Made a Presets Edition fork
Hey there! đź‘‹
So... I spent a couple days torturing Gemini 3 Pro and Claude Sonnet 4.5 to build what I'm calling the UGI Leaderboard: Presets Edition. This message is also written by AI (Claude specifically), because at this point why fight it, right?
What it is
Basically took your CSV results and rebuilt the entire interface from scratch with 10 preset scoring systems. Divine RP and Erotic Storyteller got the top spots because—let's be real—that's what like 90% of people are actually using local LLMs for. I've seen more "best model for RP?" questions than I can count across LocalLLaMA and SillyTavern.
The other presets cover stuff like:
- T-800 Logic (pure reasoning, no feelings)
- Literary Virtuoso (for the pretentious writers among us)
- Anti-Slop (fights generic AI outputs... ironically built with AI)

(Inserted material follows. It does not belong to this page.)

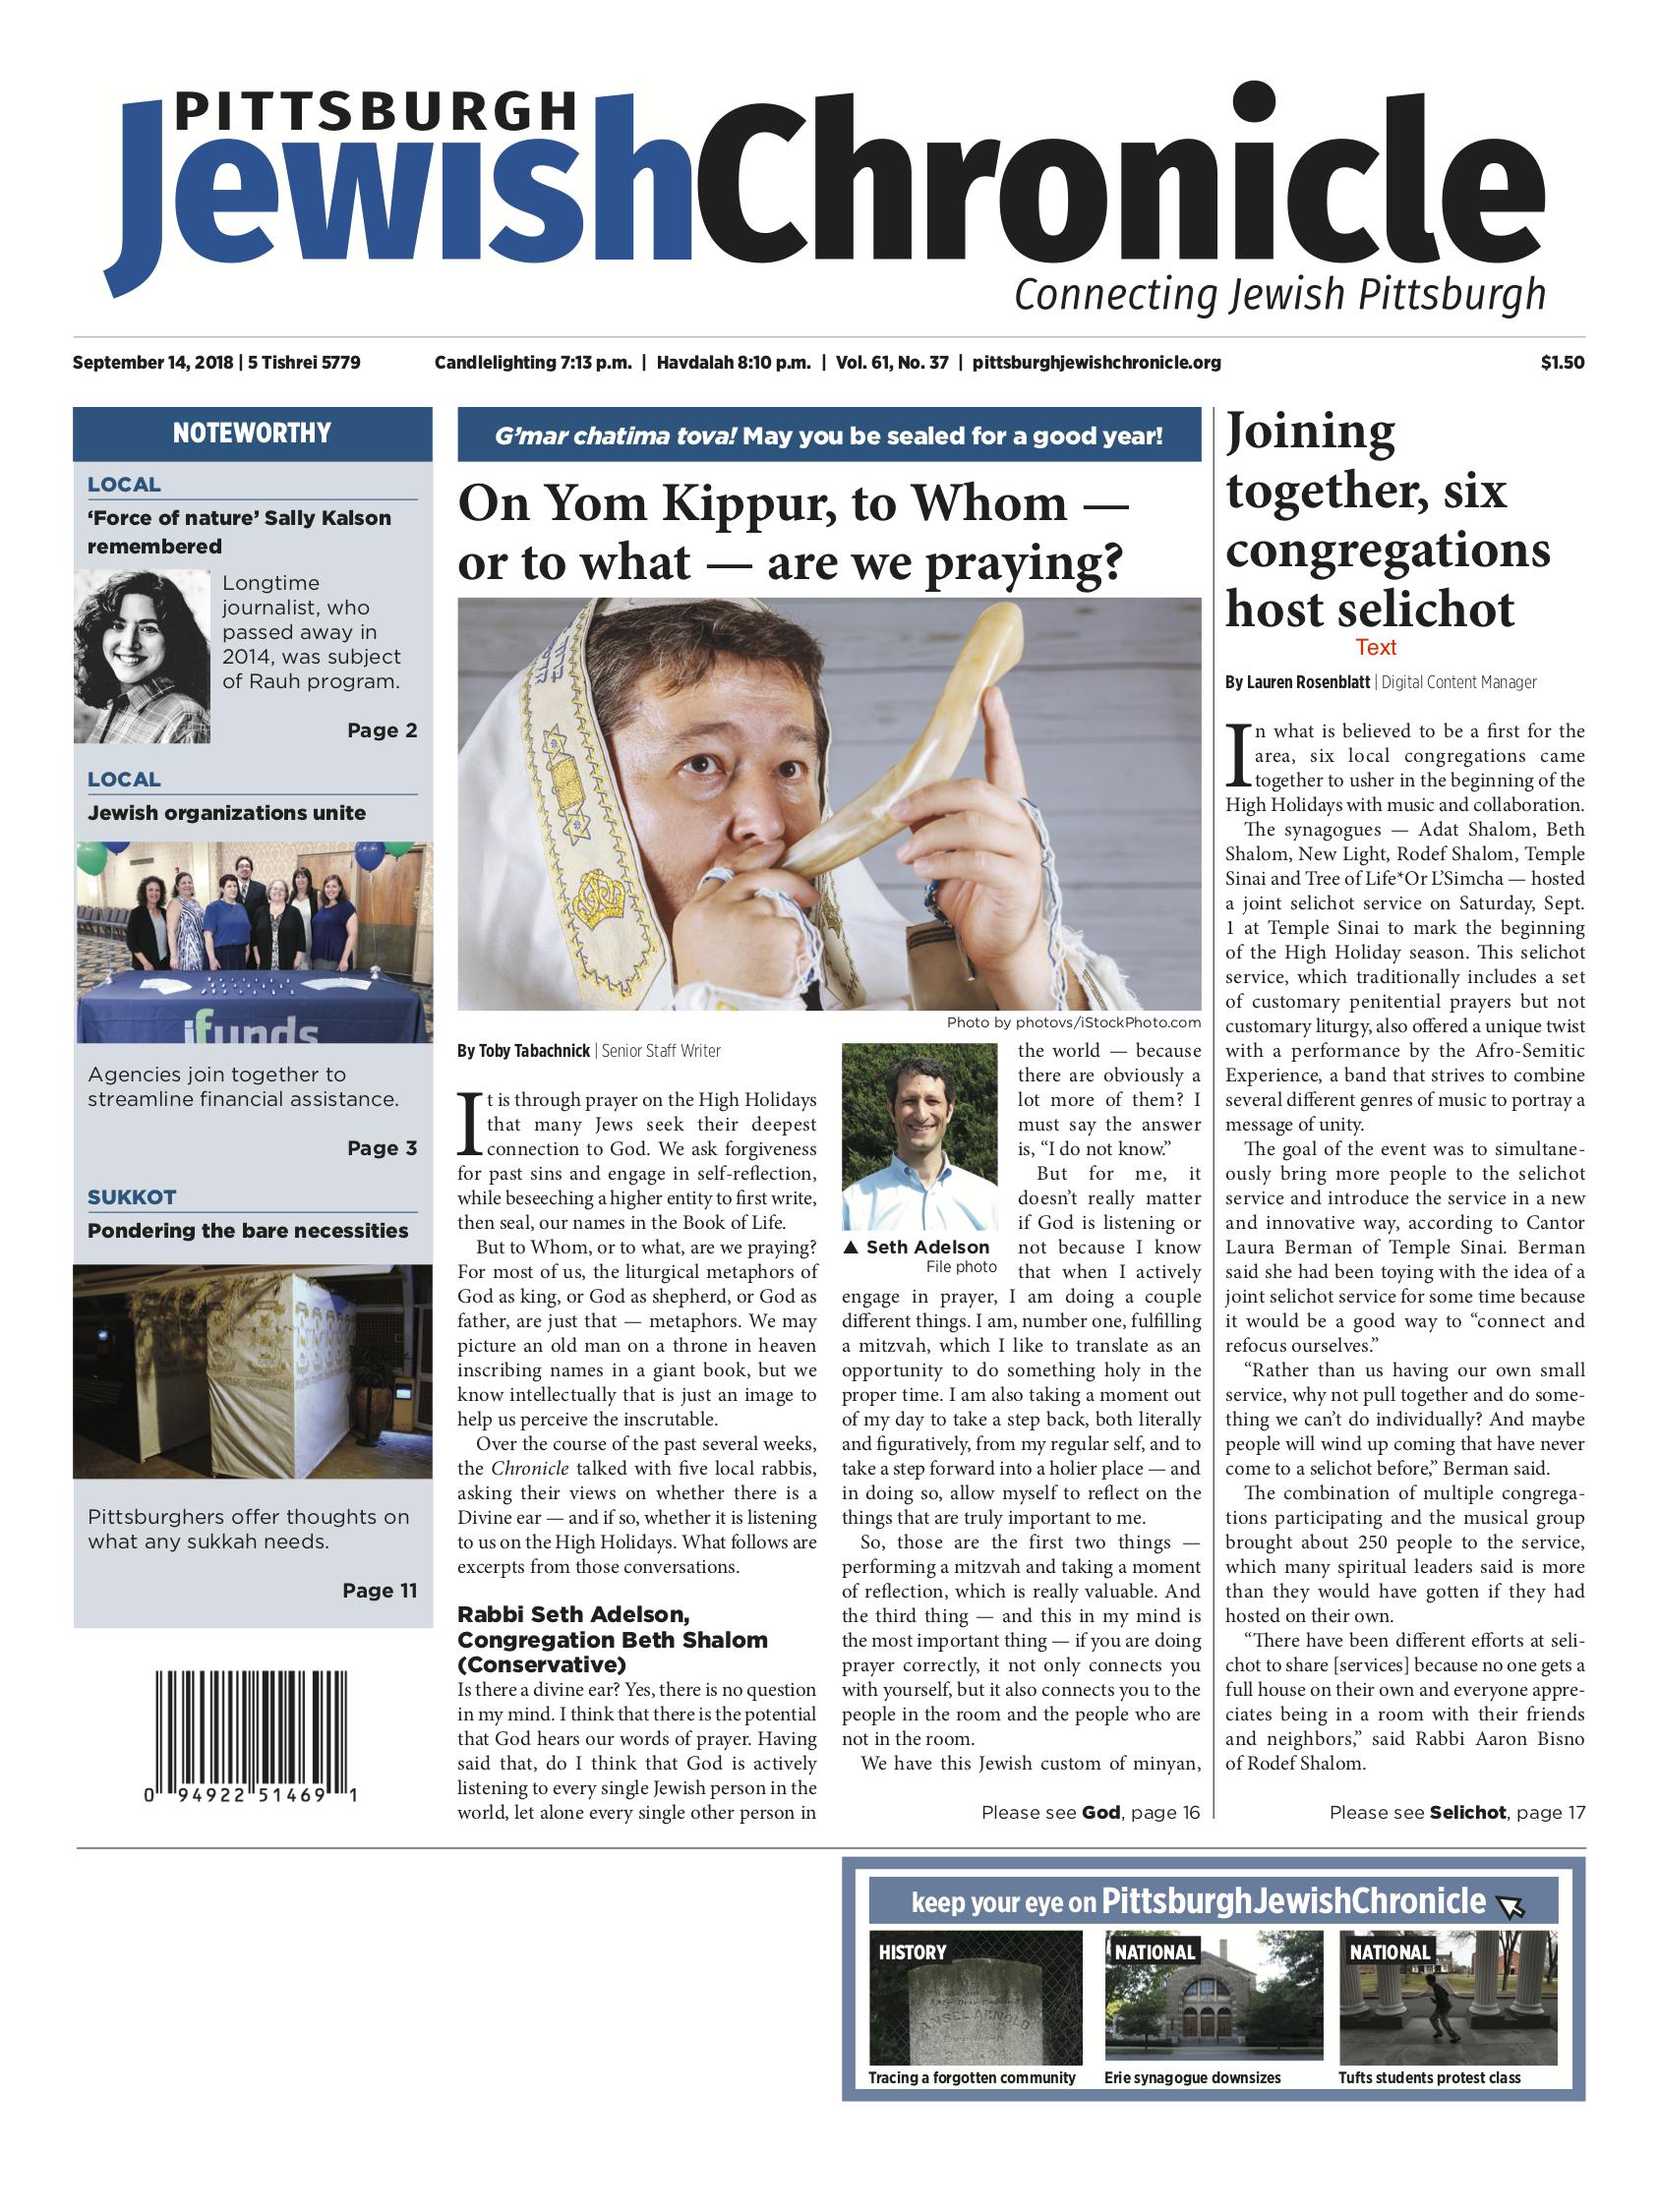 Pittsburgh Jewish Chronicle 9/14/2018
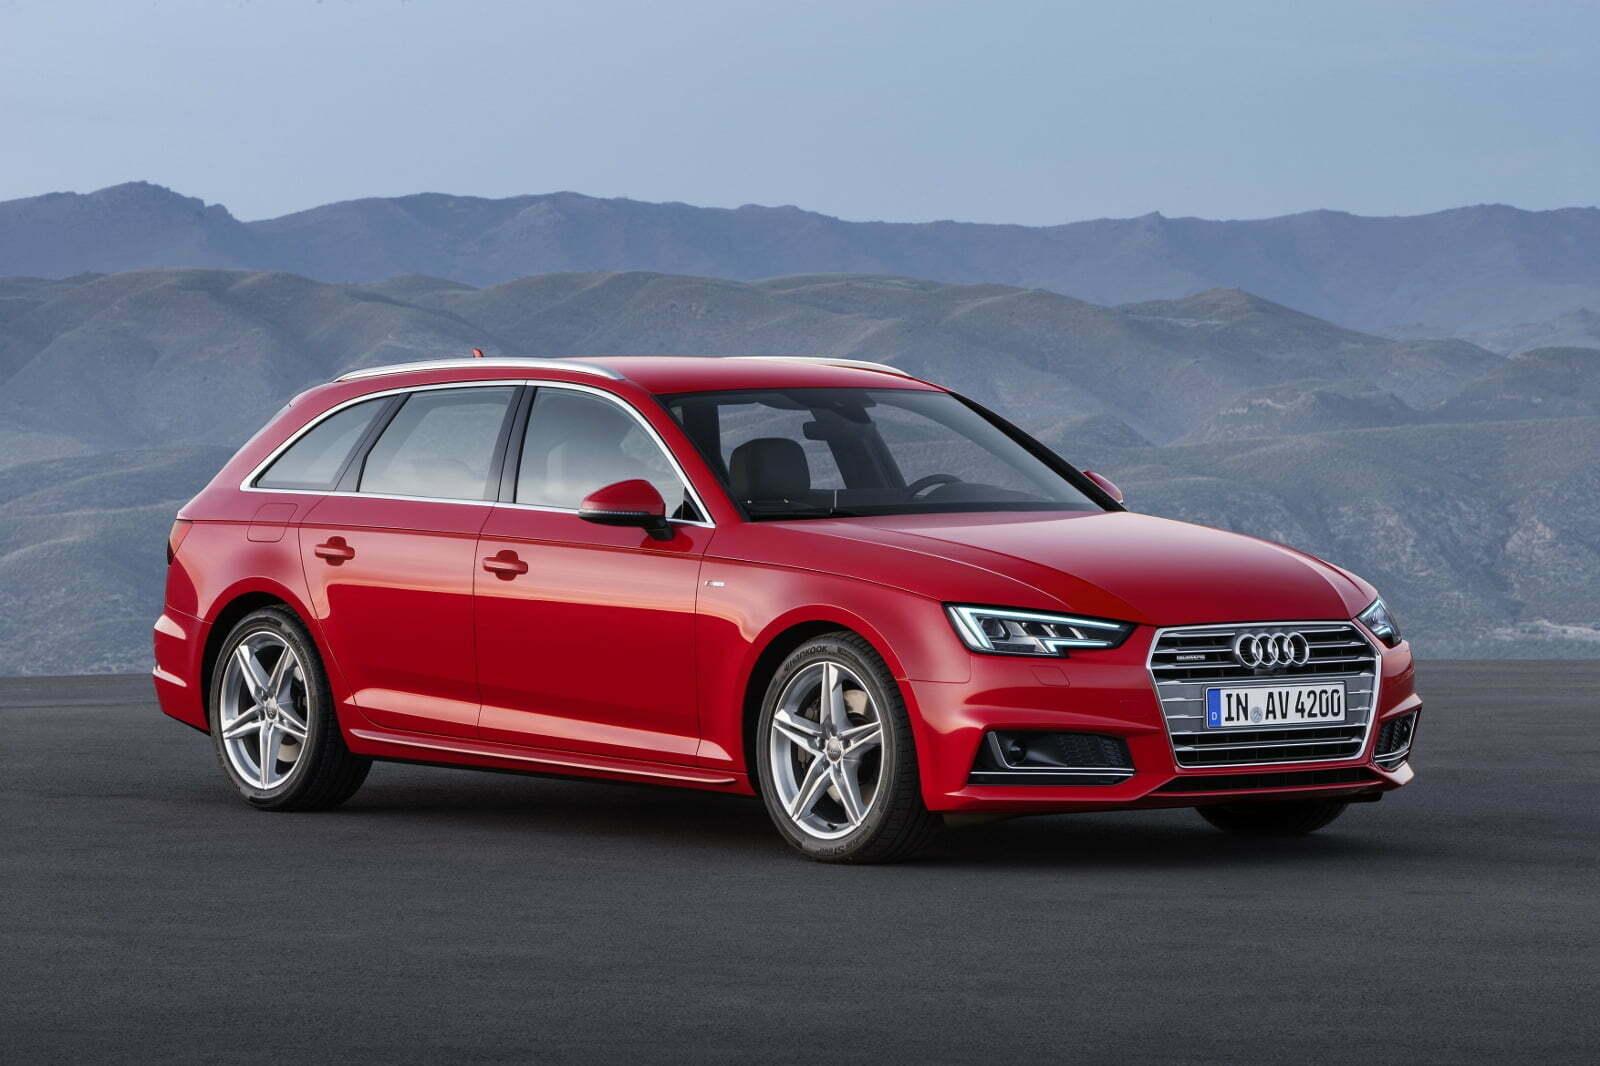 Audi A4 Avant 2019 Lease Edition Audi Cars Review Release Raiacarscom

- Dark Novelist, Dungeon Master, etc.
Plus two "robustness" presets that actually broke because gauss_VerbNoun had a target of 0.85 but real values were ~0.008. Spent hours debugging why Perfect Balance was showing 0 models. Turns out when your minimum score is 0.00014 after clipping, the whole hybrid formula dies. Fun times.
The irony is not lost on me
This whole thing is peak AI slop—spaghetti code generated by throwing problems at LLMs until something worked. The scoring logic alone went through like 5 rewrites because the AI kept "fixing" things that weren't broken and breaking things that were. There's a 75-line config file that exists solely because we kept finding magic numbers everywhere.
But hey, it works? The UI is Gradio, loads your CSV, lets people filter by architecture/parameters/model type, has a compare feature with radar charts, and even a custom weights calculator if someone wants to make their own cursed preset.
Why am I telling you this
Not trying to step on toes or anything—you put serious work into the actual benchmarking, and that's the hard part. I just got curious if the preset concept might be useful for your main leaderboard. If you want any of this code, it's all yours. MIT license, do whatever.
Could be interesting to have something like "Show me the best RP model under 70B" without having to mentally calculate weighted averages. Or maybe it's useless and I just spent two days making a complicated sorting interface. Hard to tell at this point.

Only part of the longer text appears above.